This section presents two groups of selected articles which focus on image transmission in low bandwidth communications systems. On one hand, Table 1 describes the first group, which contains proposals that use low bandwidth IoT modules. On the other hand, Table 2 presents the second group, which has articles that seek to improve information transmission efficiency considering a wider range of applications and not necessarily IoT settings.

Table 1 List of similar works using low-bandwidth IoT modules
Table 2 List of similar works with general purpose

The image transmission methods in Table 1 mostly handle only low resolution, grayscale images. Clearly, these images cannot carry information otherwise available in the color bands. The transmission schemes in Table 2 can work with higher resolutions and color images efficiently, but neither group of proposals evaluate implementations on embedded devices. These devices require balancing an acceptable quality of the uncompressed image, decent image visualization delays and manageable computational loads.

With these considerations, the proposed encoder presents a successful alternative which balances the use of color images, high compression rates and reduced transmission times with progressive decoding and a low complexity. The encoder slightly outperforms the JPEG2000 encoder, which serves as a benchmark to highlight this work’s contribution.

3 Proposed methodology

The proposed encoder uses wavelet subband decomposition and reconstruction with multiresolution analysis, which gives it the unique characteristic of being able to progressively reconstruct the image while each subband is transmitted and decoded. Thus, it achieves comparable quality values [validated via Evaluating the peak signal-to-noise ratio (PSNR) at structural similarity index (SSIM) fixed compression rates] as JPEG2000 at slightly better compression rates, for RGB images. Moreover, it enables a rapid first, low-quality visualization of the decoded image, whose quality then progressively increases as the reception and decoding of the subsequent subbands takes place. The encoder and decoder were implemented in LoRa modules, where image transmission times were evaluated with and without the encoding. A maximum transmission time reduction of 99.09% was achieved. For these reasons, the proposed image encoder and decoder constitute the largest contribution in this work.

The following sections describe the encoding stage, data transmission stage and decoding stage.

3.1 Design of the proposed encoder

Figures 1 and 2 summarize the proposed image compression scheme, presenting the image encoder and decoder respectively. This section details the encoding and decoding steps, which aim to balance an acceptable image quality and a low computational load.

Fig. 1
figure 1

Block diagram of the proposed encoder

Fig. 2
figure 2

Block diagram of the proposed decoder

The proposed encoder and decoder were implemented in a Raspberry Pi 3B + single-board computer [16]. Image acquisition was performed either via a webcam or a Raspberry Pi Camera Module 2, using the RGB color format in both cases.

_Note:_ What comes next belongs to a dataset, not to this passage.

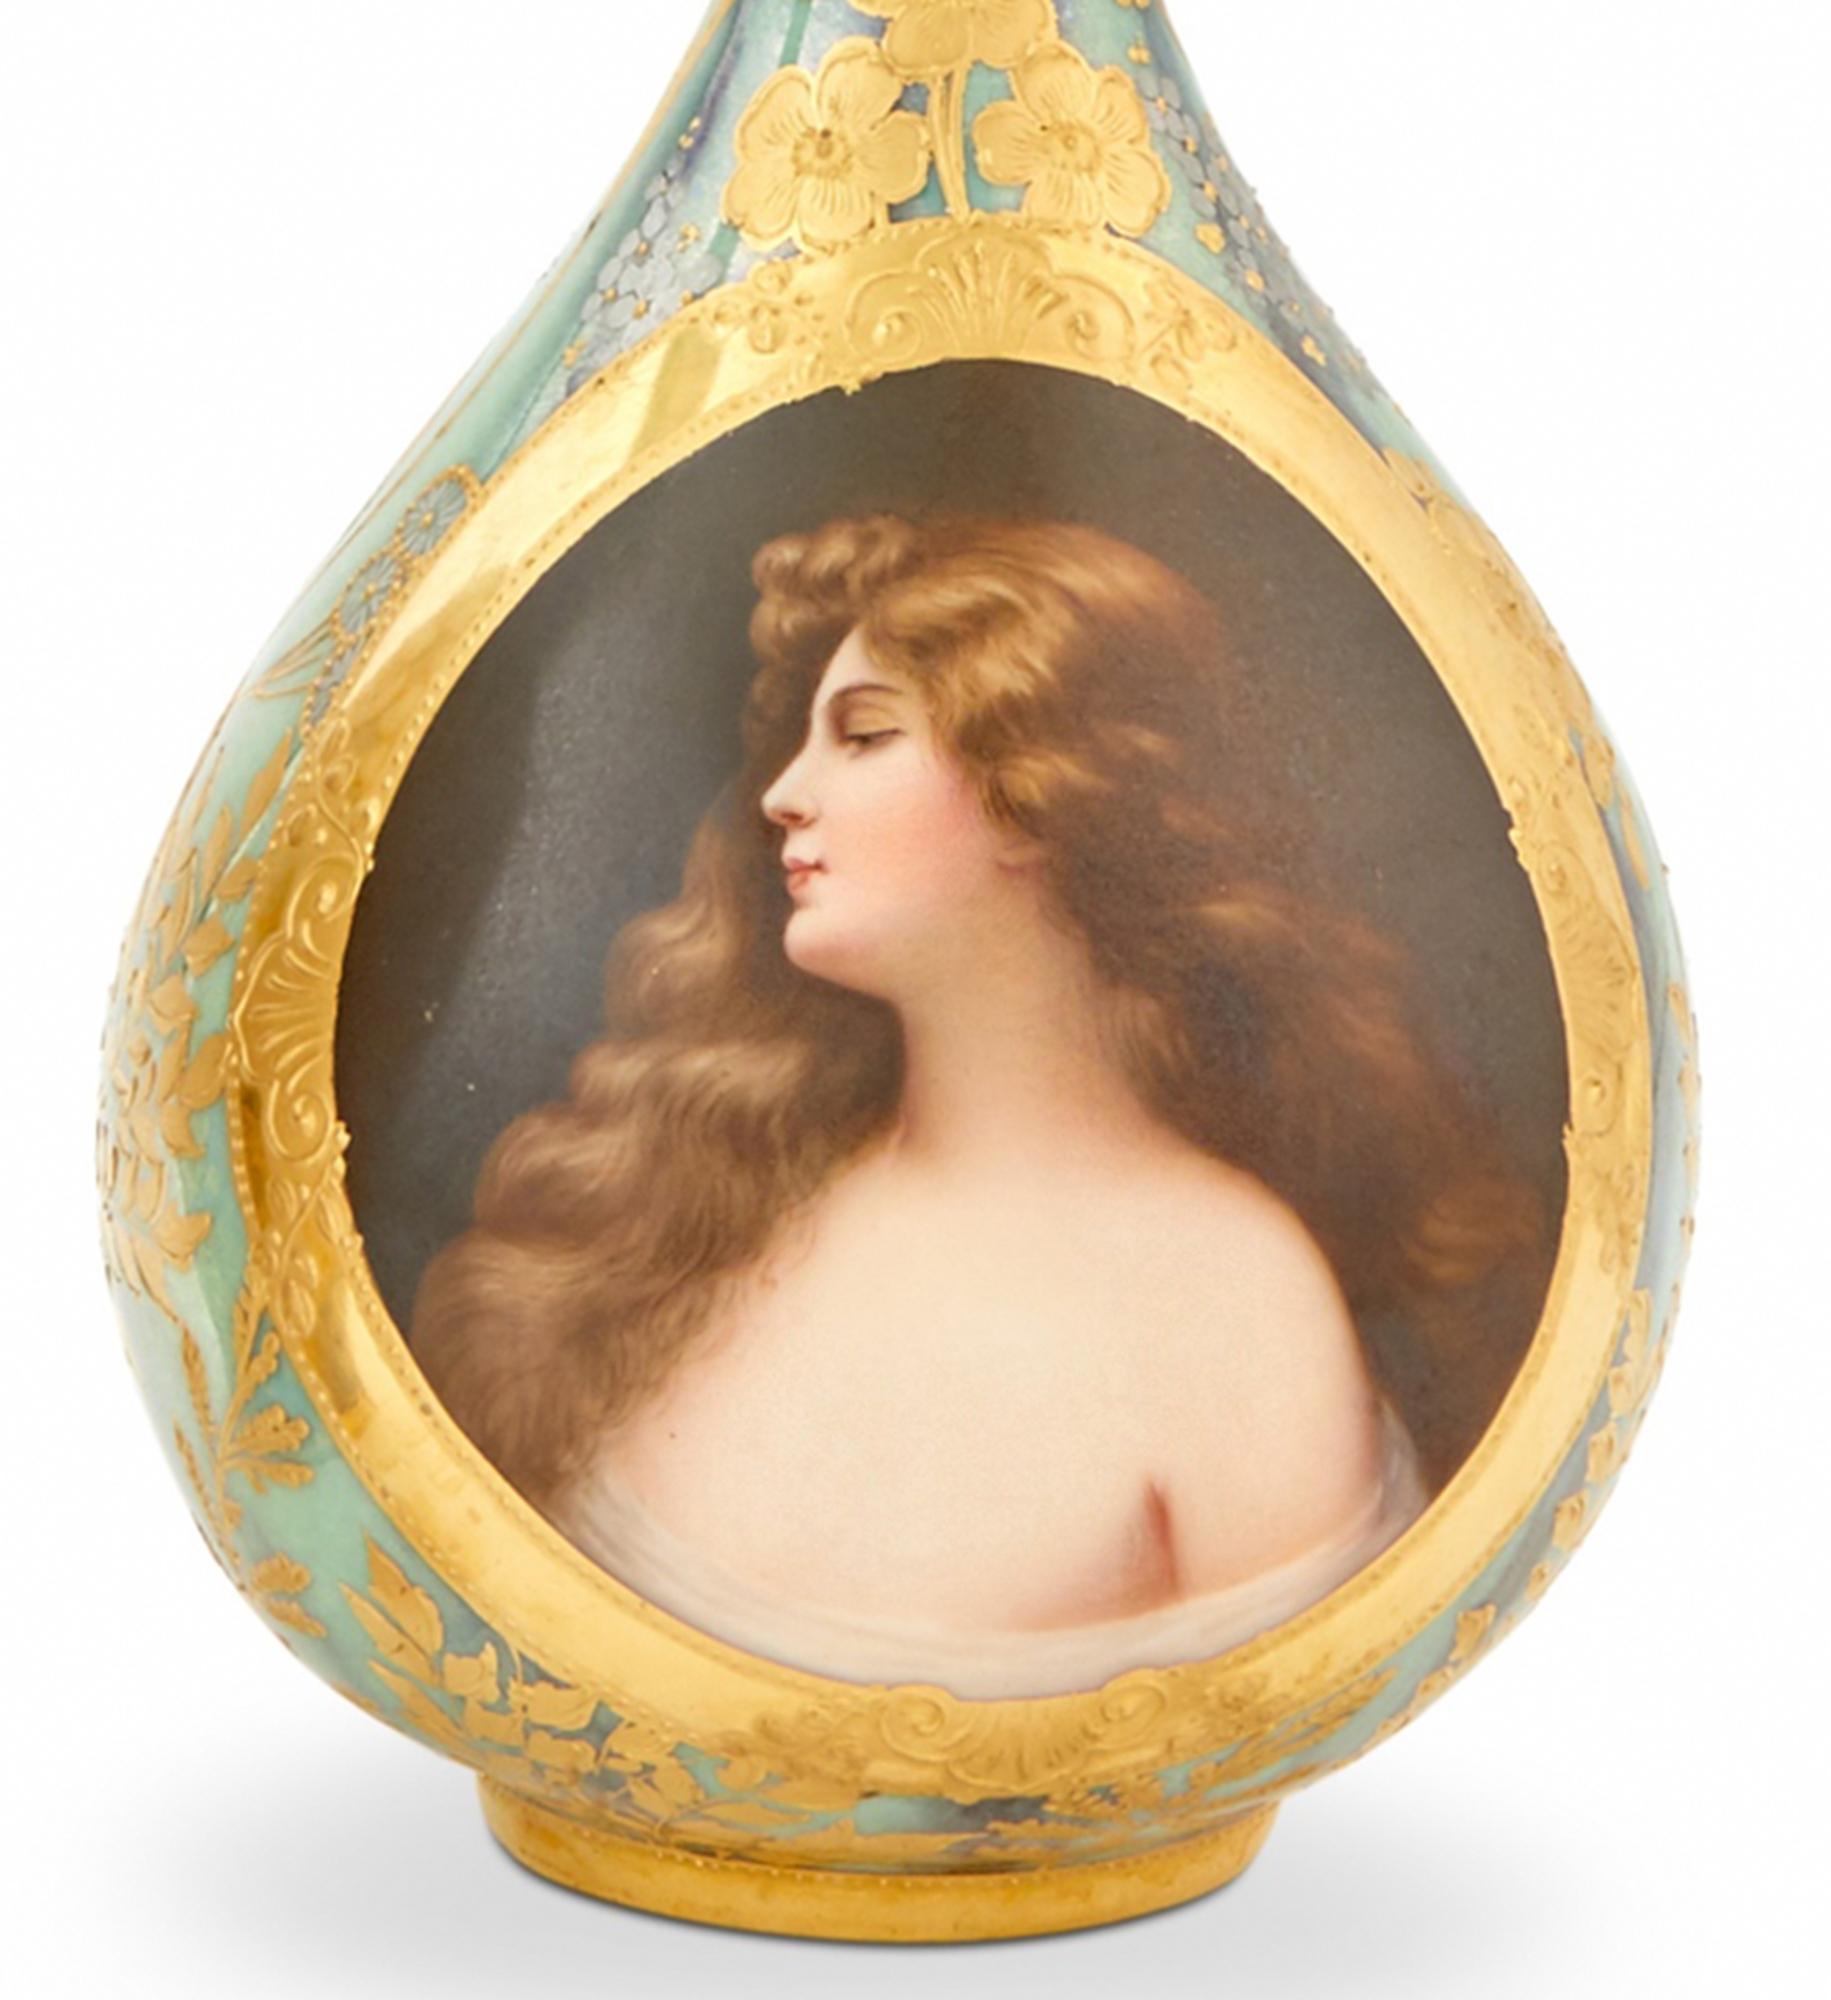 Fine royal Vienna portrait vase of a soft faced beauty with cascading wavy hair, brown eyes and a neutral expression is encircled by a band of polychrome gold paint with raised painted ornaments. Blue from the neck flows downwards, diffusing into a

Table 3 Evaluation of wavelet filters on hydrometric ruler images

The encoding process is described below:

Step 1:

Acquire the image in its primary RGB components and convert to YCoCg color space to separate the luminance and chrominance components, with a digital resolution of \(M\) rows and \(N\) columns. Each component can be expressed by \({I}_{Y}\left(x,y\right)\), \({I}_{Co}\left(x,y\right)\) and \({I}_{Cg}\left(x,y\right)\) [17].

Step 2:

The Co and Cg chrominance components where subsampled with the 4:2:0 color format [18]. The resulting subsampled chrominance components are \({I}_{SCo}\left(x,y\right)\) and \({I}_{SCg}\left(x,y\right)\).

Step 3:

The luminance component is processed by 3-level deep tree, while the chrominance components are processed by a 4-level deep tree [19]. Evaluating PSNR and SSIM of the different subbands between the original and reconstructed images, the approximation subband \({I}_{Y,\mathrm{3,1}}\left(x,y\right)\), the horizontal detail subband \({I}_{Y,\mathrm{3,2}}\left(x,y\right)\) and the vertical detail subband \({I}_{Y,\mathrm{3,3}}\left(x,y\right)\) are chosen for the luminance component. The rest of the subbands are never encoded nor transmitted.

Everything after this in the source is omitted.